_PROBLEM TO WORK ON_
Only the lines below from the one that contains "Crafted in 18kt" through the one that contains "And it is with" should appear in your answer, exact and without pictures.

_RECORDS FOR THE TASK_
┌──

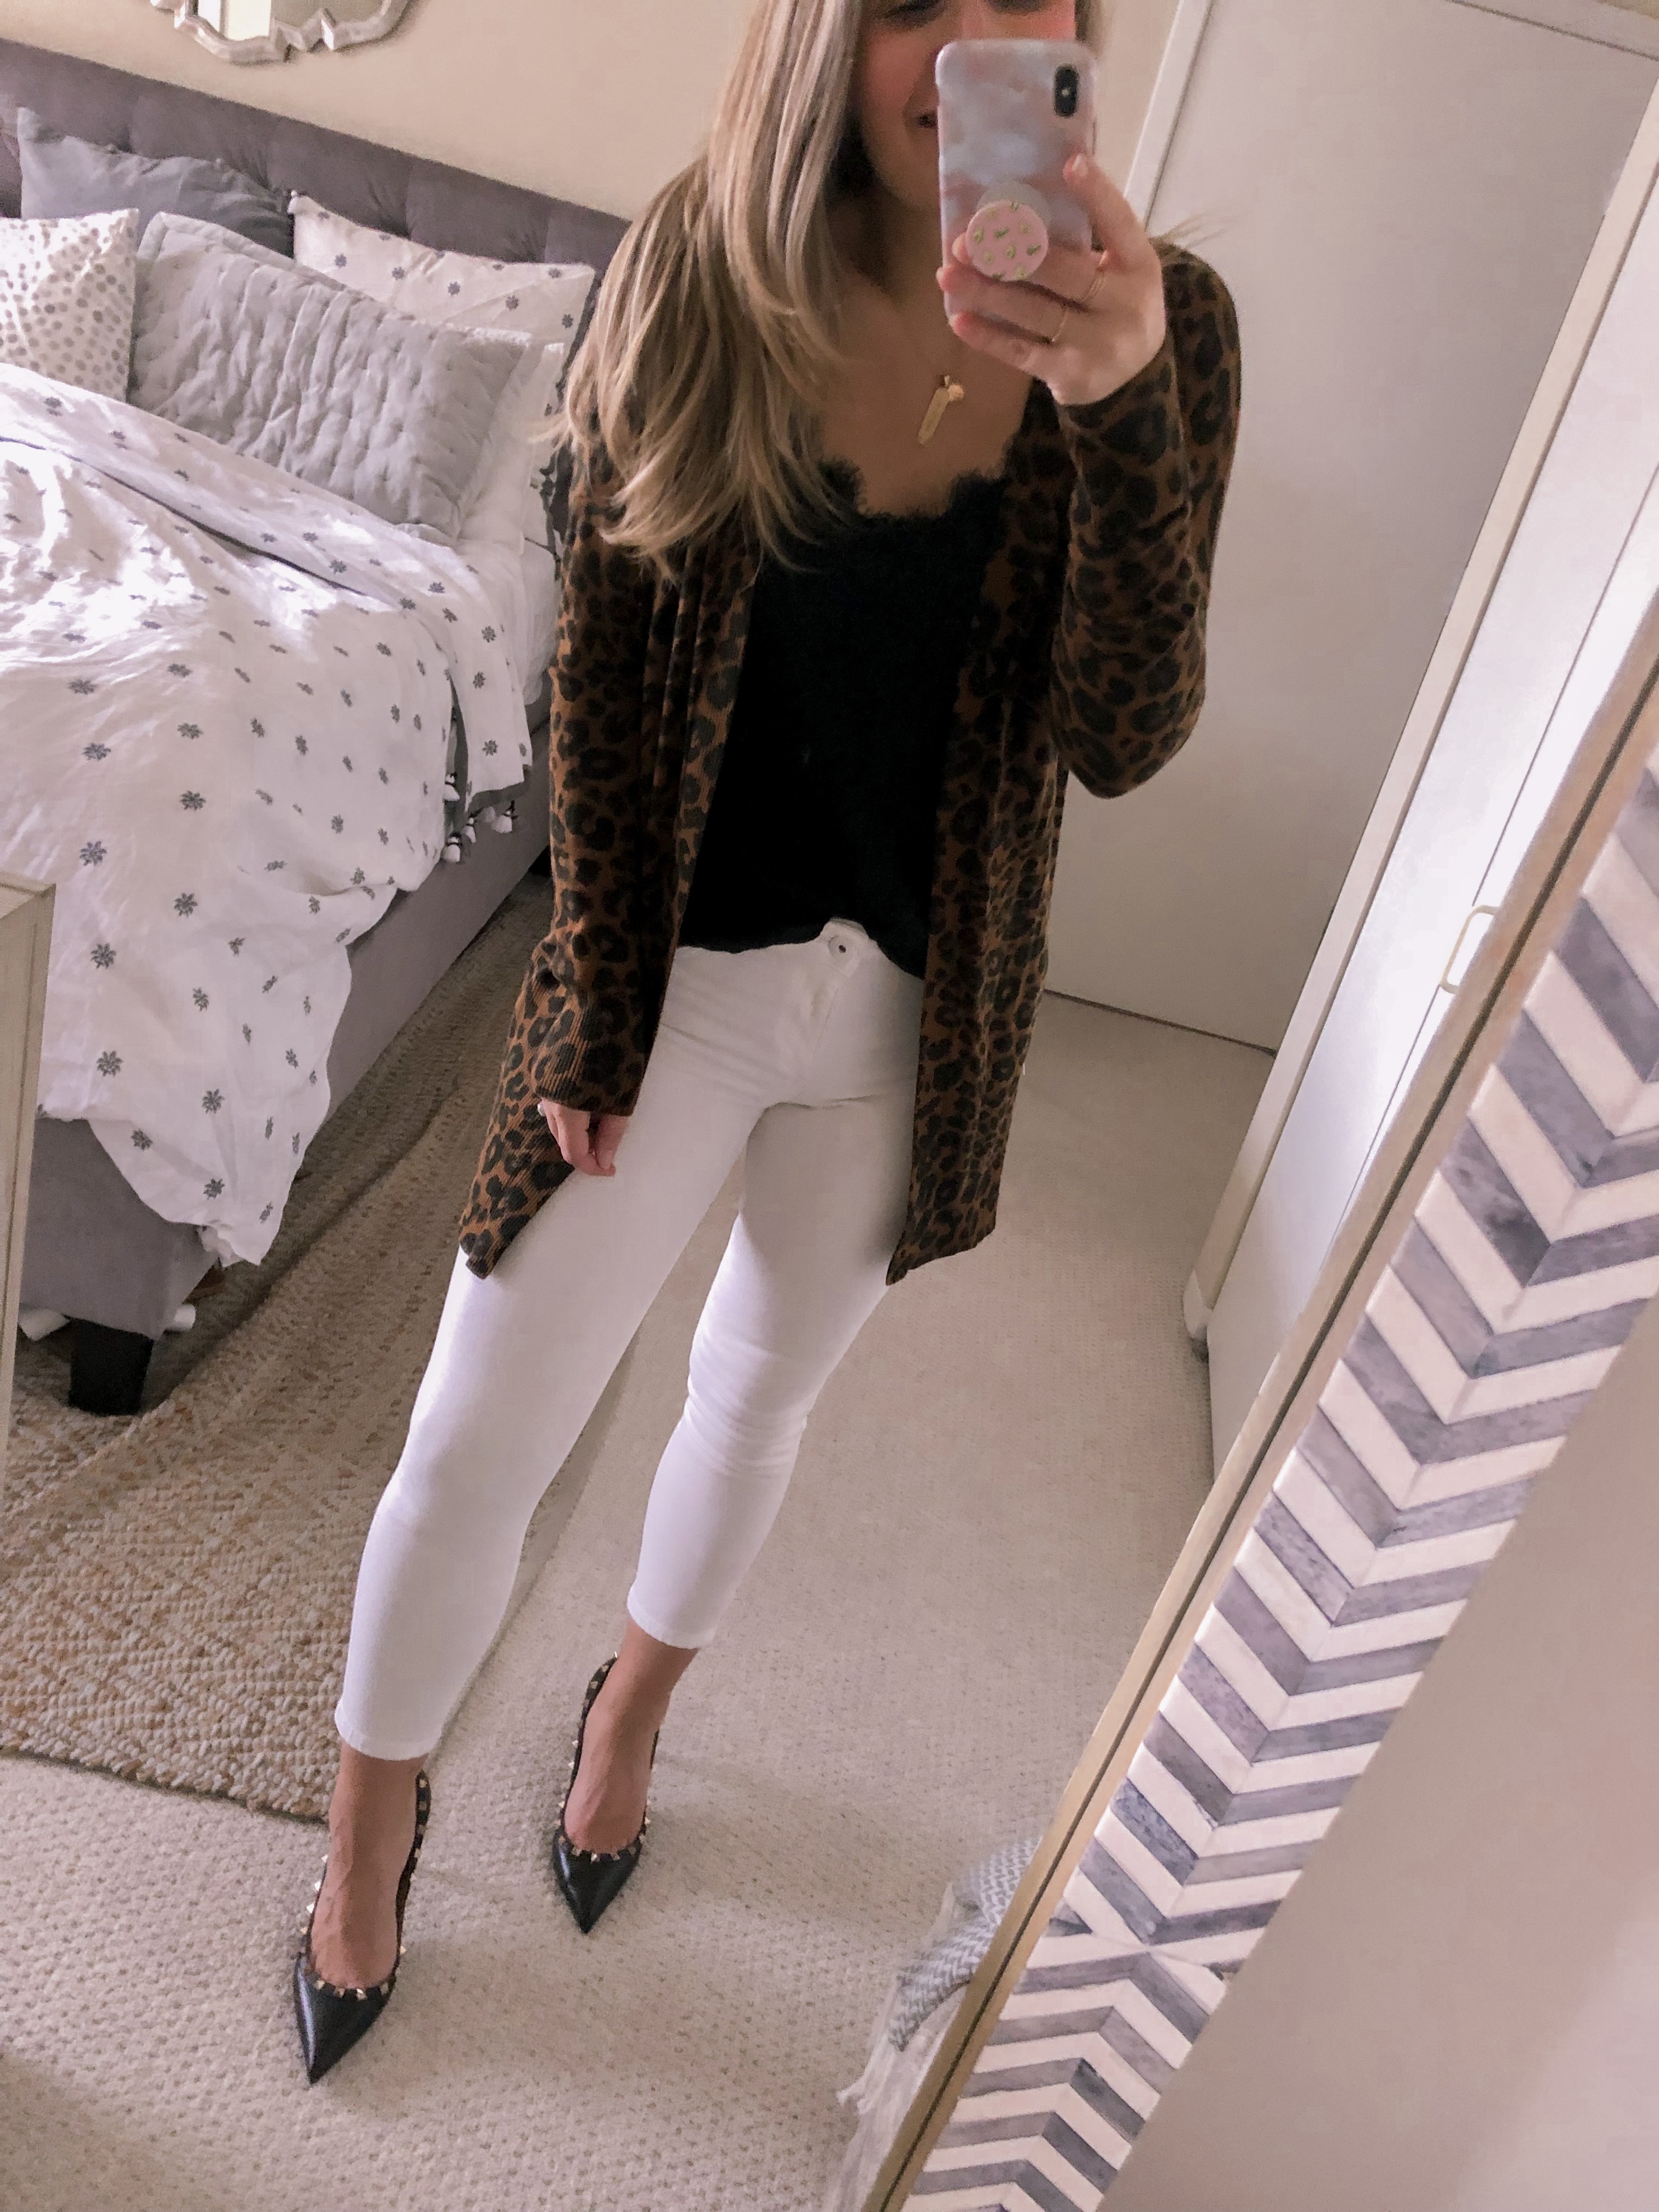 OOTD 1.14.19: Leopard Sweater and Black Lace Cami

└──
┌──

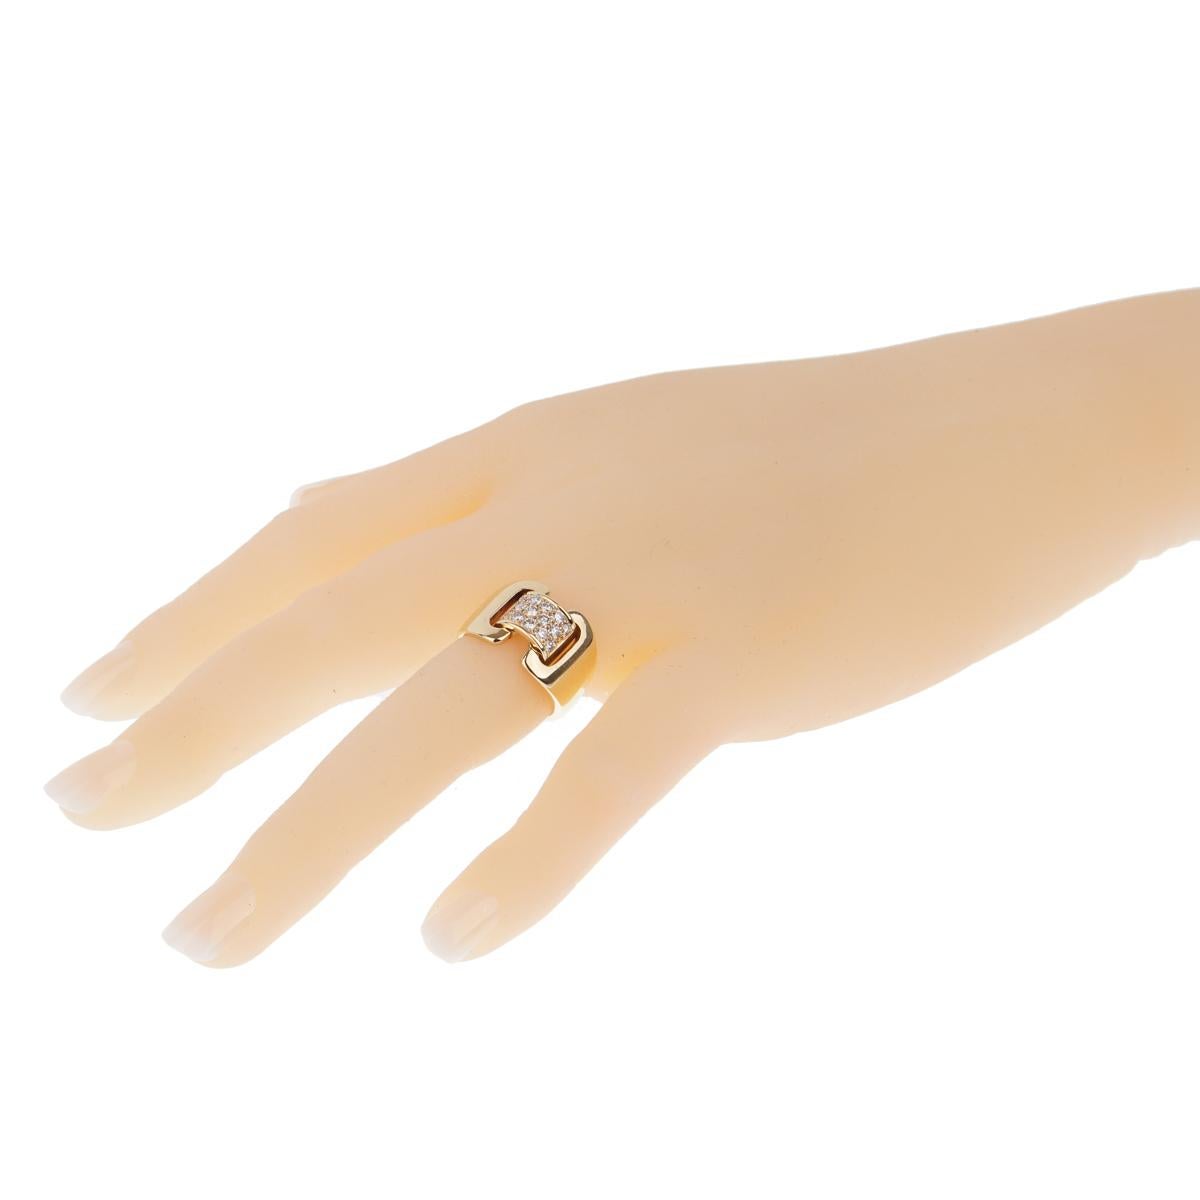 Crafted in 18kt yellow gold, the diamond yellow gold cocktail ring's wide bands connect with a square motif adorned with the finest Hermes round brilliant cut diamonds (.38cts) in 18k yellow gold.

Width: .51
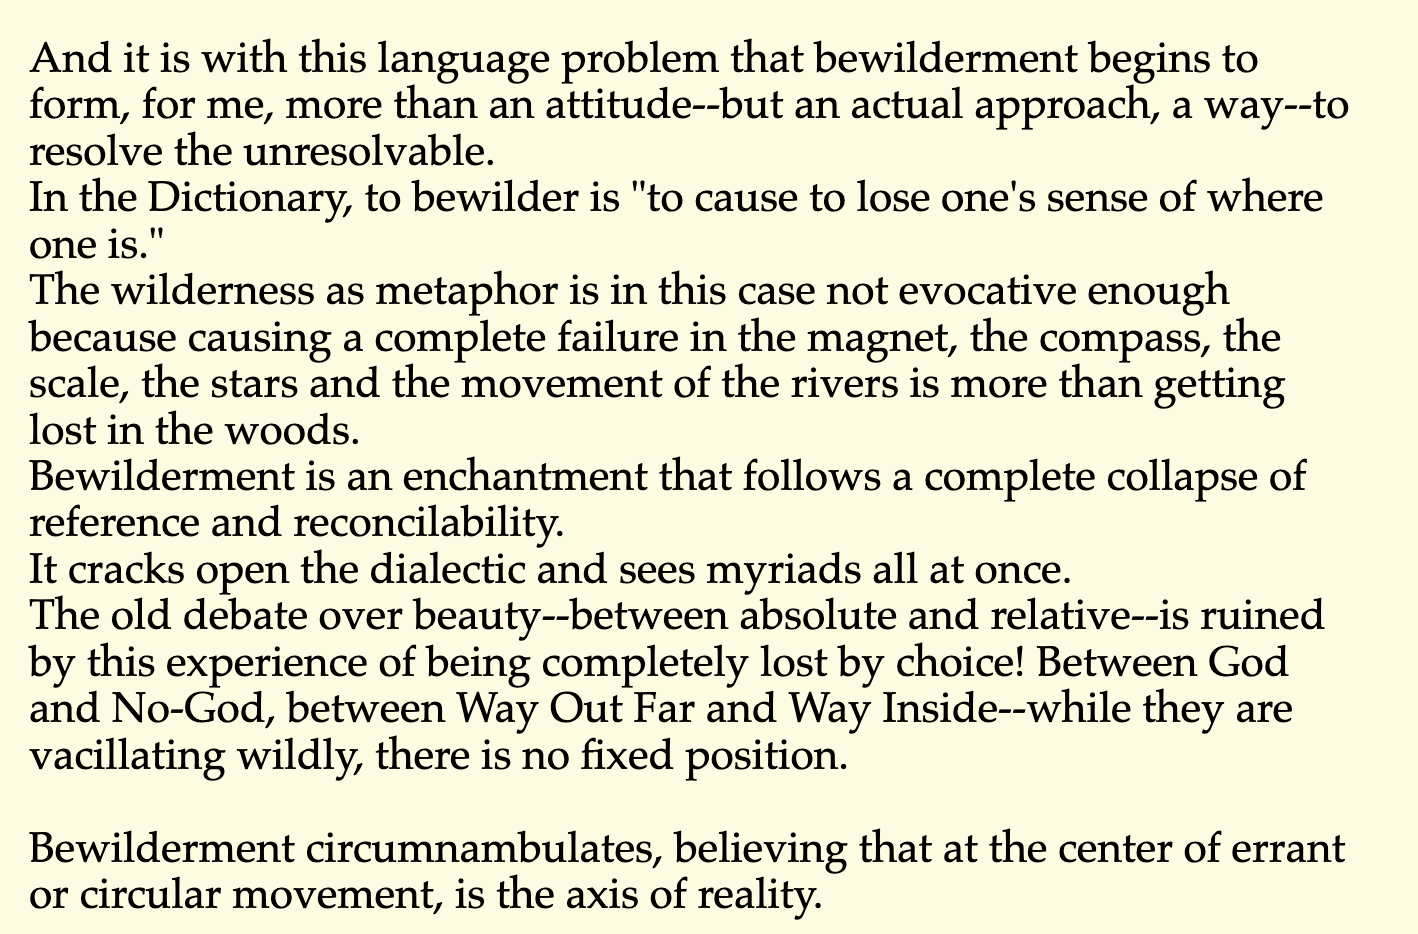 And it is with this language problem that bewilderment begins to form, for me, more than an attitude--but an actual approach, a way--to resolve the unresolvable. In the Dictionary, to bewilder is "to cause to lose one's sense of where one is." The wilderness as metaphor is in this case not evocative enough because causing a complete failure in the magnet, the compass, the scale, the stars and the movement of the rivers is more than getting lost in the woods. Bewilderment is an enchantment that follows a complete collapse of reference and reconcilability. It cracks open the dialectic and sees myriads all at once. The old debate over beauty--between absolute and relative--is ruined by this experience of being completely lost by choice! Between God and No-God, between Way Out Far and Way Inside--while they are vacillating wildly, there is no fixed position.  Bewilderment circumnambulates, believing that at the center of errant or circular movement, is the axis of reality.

└──

_RESPONSE TO THE EXERCISE_
 Crafted in 18kt yellow gold, the diamond yellow gold cocktail ring's wide bands connect with a square motif adorned with the finest Hermes round brilliant cut diamonds (.38cts) in 18k yellow gold.

Width: .51
 And it is with this language problem that bewilderment begins to form, for me, more than an attitude--but an actual approach, a way--to resolve the unresolvable. In the Dictionary, to bewilder is "to cause to lose one's sense of where one is." The wilderness as metaphor is in this case not evocative enough because causing a complete failure in the magnet, the compass, the scale, the stars and the movement of the rivers is more than getting lost in the woods. Bewilderment is an enchantment that follows a complete collapse of reference and reconcilability. It cracks open the dialectic and sees myriads all at once. The old debate over beauty--between absolute and relative--is ruined by this experience of being completely lost by choice! Between God and No-God, between Way Out Far and Way Inside--while they are vacillating wildly, there is no fixed position.  Bewilderment circumnambulates, believing that at the center of errant or circular movement, is the axis of reality.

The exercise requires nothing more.